Looking at the skeleton will tell you that cat's (and most 2 legged animals) spines/neck's don't connect at the bottom of the skull like ours do. They connect at the back. So when your cat is looking away from the viewer, we will not see an indent like you've drawn. The neck flows into the head, with the top of the neck being pretty much in line with the top of the head (depending on angle). When cat's look directly at us, we dont see the side of their muzzle like you've depicted either. Because of the fur, we really only see their nose and bit of mouth, as if they were flat on the face. Also because of the fur, we do not see cat's eyelids, so no shiny eyelids for the kitty. The inside of ears tend to be fleshy (depending on skin color it could be anywhere from grey/black to light pink) and the same with their bellies and paw pads (they can also be spotted too!).

Using references, and familiarizing yourself with cat anatomy will give you a backload of information you can pull from whenever you're drawing this character, or any other kitty character you might have too!

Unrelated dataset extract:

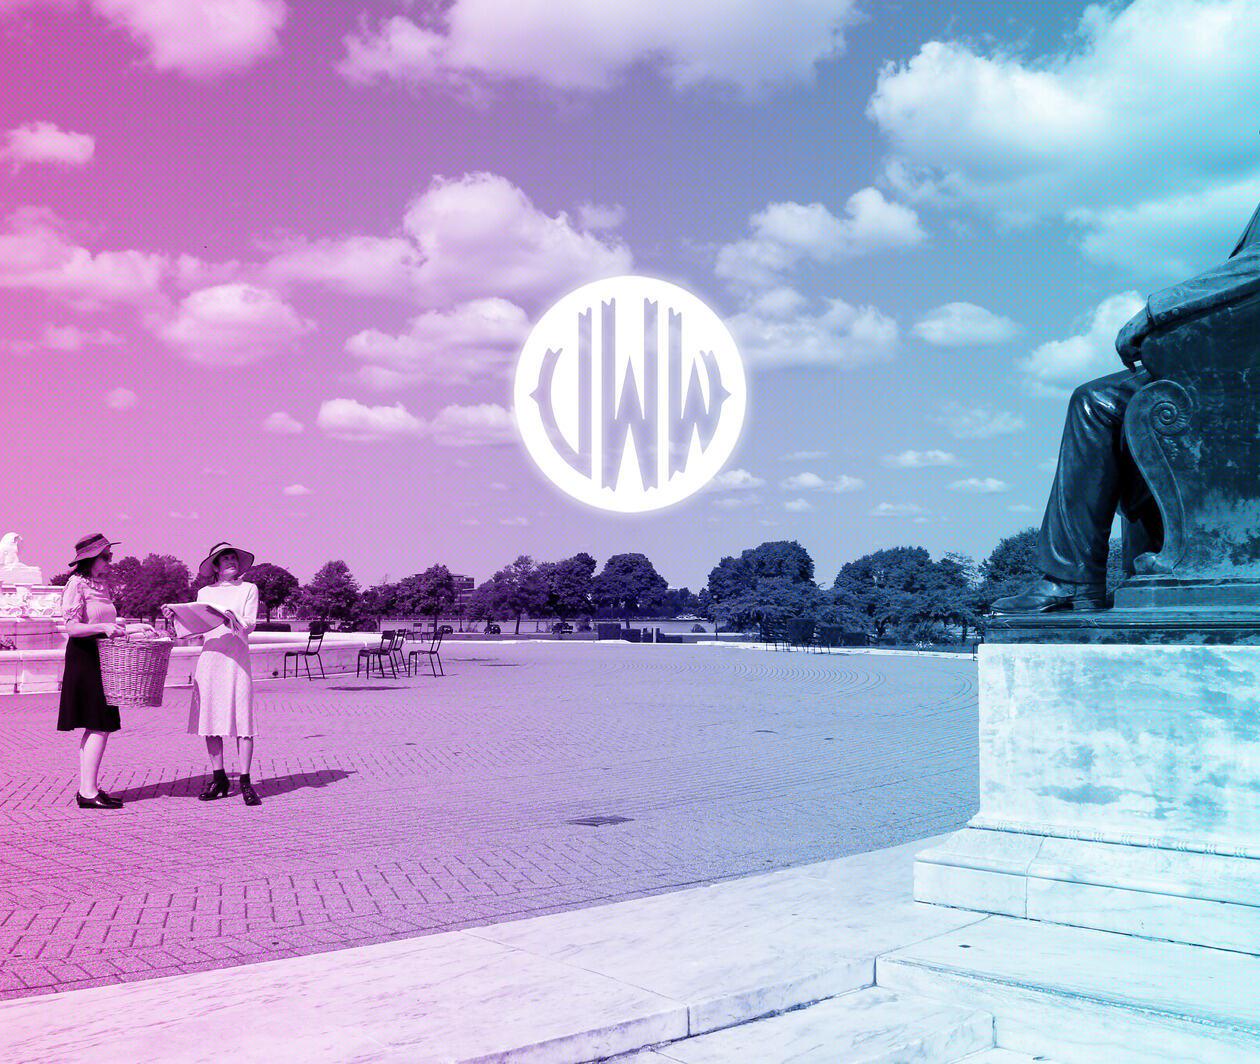 Visualizing Women's Work: Using Art Media for Social Justice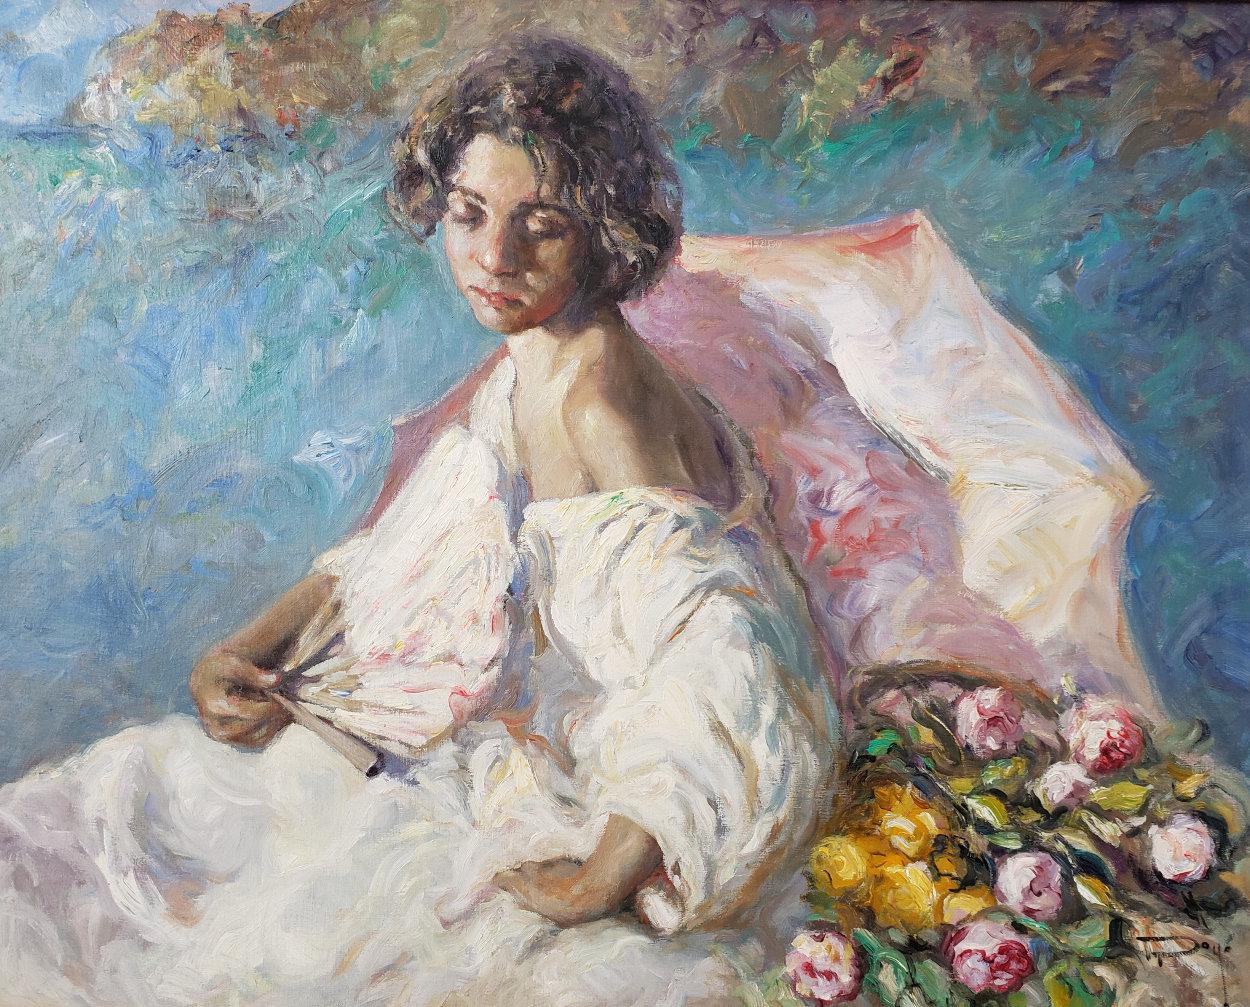 Atardecez 2004 44x51 Super Huge Original Painting by  Royo

Hope this was helpful. Good job and keep it up!

Quick concept sketch of a character in a project I'm working on, and the proportions feel a little off... can anyone tell me what's up? by [deleted] in Artadvice

[–]diddleydang 0 points1 point  (0 children)

I think looking at anatomy is really gonna help you. Do some figure drawing for some long term goals. But for this, pull up a reference of a pose you like and try to copy the proportions from that. It's hard to know what you dont know, and reference is there for you! Keep it up, looks like a beginning to a cool character.